According to the Justice Department, Alexandra Gehrke, 39, and Jeffrey King, 46, both of Phoenix, conspired with others to submit fraudulent claims for amniotic wound grafts applied to elderly and terminally ill patients. Gehrke owned and operated Apex Medical LLC and Viking Medical Consultants LLC, which worked with untrained sales representatives to find patients with wounds and order grafts from a specific distributor. The representatives were financially incentivized to order larger grafts, regardless of medical necessity, to maximize insurance reimbursements.

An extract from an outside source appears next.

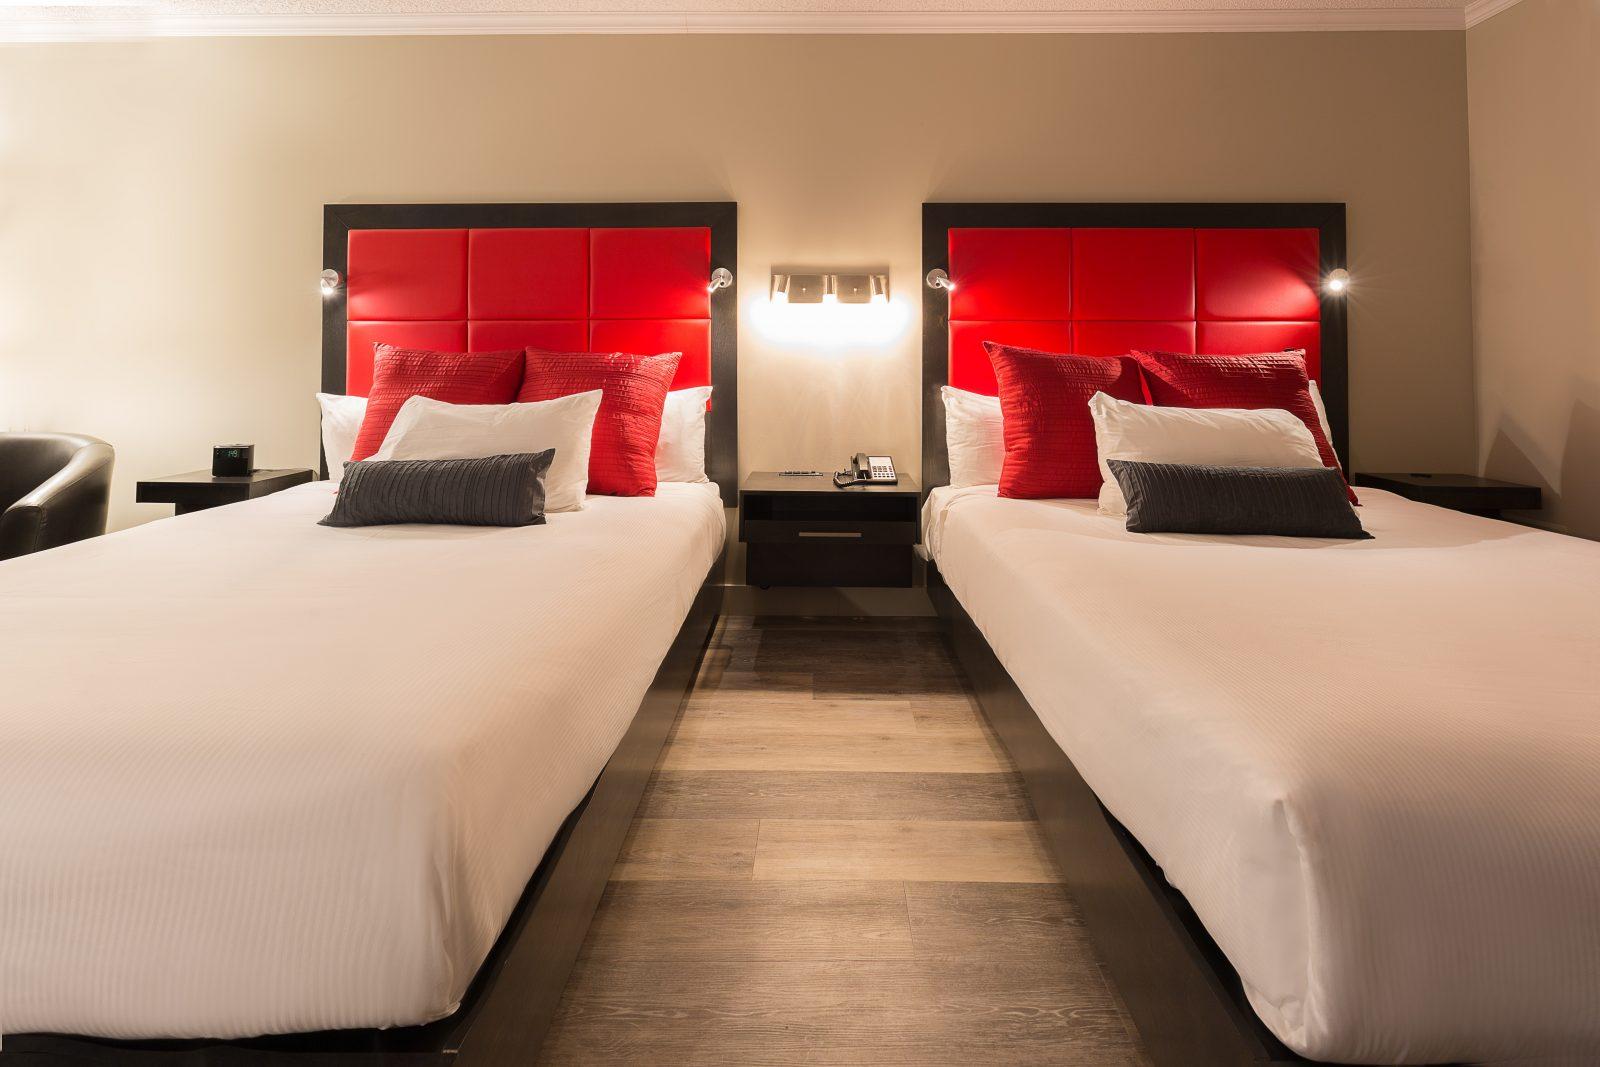 https://www.hoteluniversel.com/wp-content/uploads/2014/09/2Q7A3310-1600x1067.jpg

Gehrke’s companies received more than $279 million in kickbacks from the graft distributor. A company co-owned by King then applied the grafts, billing Medicare, TRICARE, CHAMPVA, and private insurers for the procedures. Prosecutors say nurse practitioners were directed to follow orders from sales representatives rather than using their medical judgment, leading to unnecessary treatments, including grafts applied to healed or infected wounds.
Between November 2022 and May 2024, the scheme generated more than $1.2 billion in fraudulent claims, with insurers paying out approximately $615 million. In their plea agreements, Gehrke and King agreed to pay restitution of $615 million and $606 million, respectively, and forfeit over $410 million in fraud proceeds. Authorities have already seized nearly $100 million in assets, including luxury vehicles, bank accounts, life insurance annuities, and jewelry.
Gehrke pleaded guilty in October 2024 and is set for sentencing on Feb. 11, facing up to 20 years in prison. King entered his guilty plea on Jan. 31 and awaits a sentencing date, also facing a maximum 20-year term.
The FBI, the Department of Health and Human Services Office of Inspector General, the Defense Criminal Investigative Service, and the Department of Veterans Affairs Office of Inspector General investigated the case. The Justice Department’s Health Care Fraud Strike Force led the prosecution.